Monty Python’s characters may have wondered what the Romans every did for them, but Muscovites know for sure that, along with total terror, bloodshed and a suppression, Stalin sure knew how to make the trains run.
And not only did he get the Metro going, his oppressively Soviet Government’s determination to show the World that Red was Right created what is, to this very day, an iconic benchmark of distinctive style blended with utmost substance and functionality.
11 kilometres of underground track were opened in 1935, each station with a theme representing the best of what the proletariat had to offer, and what they needed to live up to. Statues, lighting themes, grand staircases, hidden doorways, carvings, iconography, subliminal and not at all subtle socialist motherland messaging, all of it went into every single inch of every single property.

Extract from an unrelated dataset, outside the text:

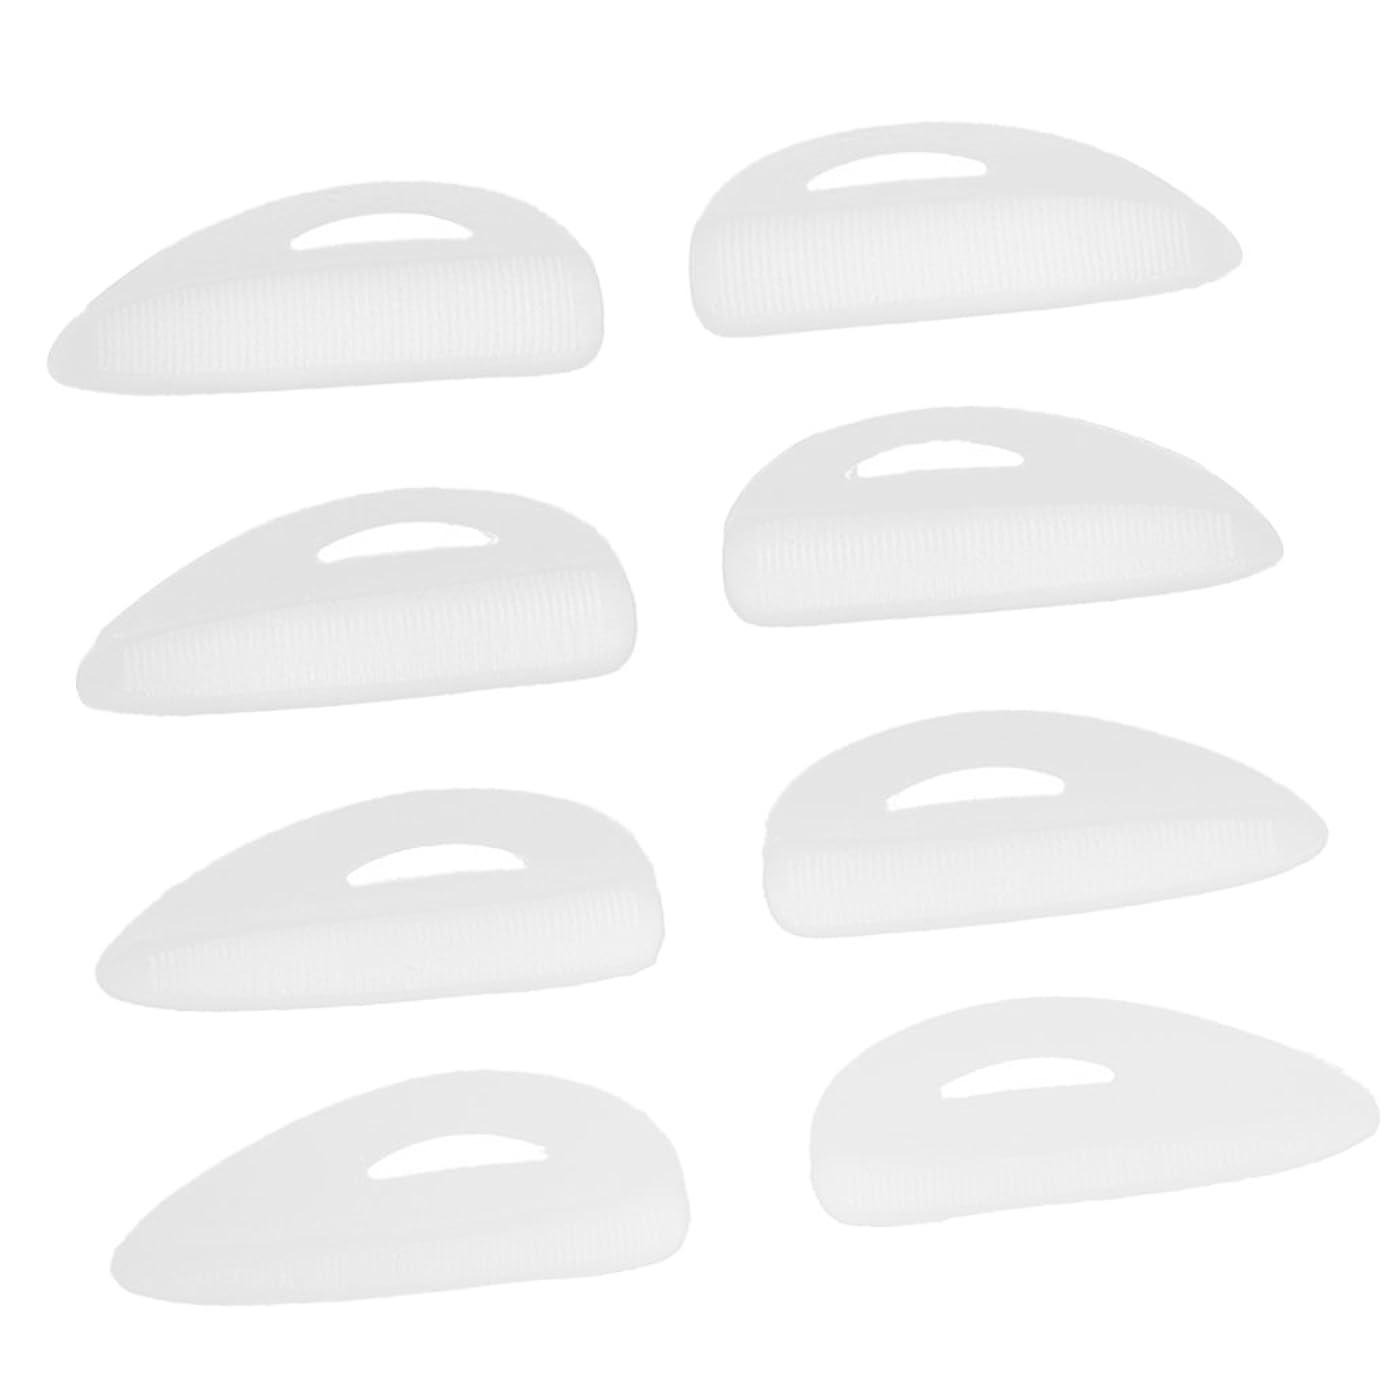 レッスン床を掃除する上下する4ペア つけまつげパッド アイラッシュ まつげ カーラーパッド 再利用可 シリコン エクステンションシールド 化粧ツール

The World may have been in the grip of a devastating economic downturn, but nothing was going to stop Stalin and his vision. Marble and steel by the mountain-load were used. Engineers who had worked on the London Underground helped to flesh out the practicalities, artists by the 1000s were set to work.
These days, there are over 340 km of track and 44 listed historically and culturally significant stations which, if you get the chance, spend at least a day visiting. Maybe two.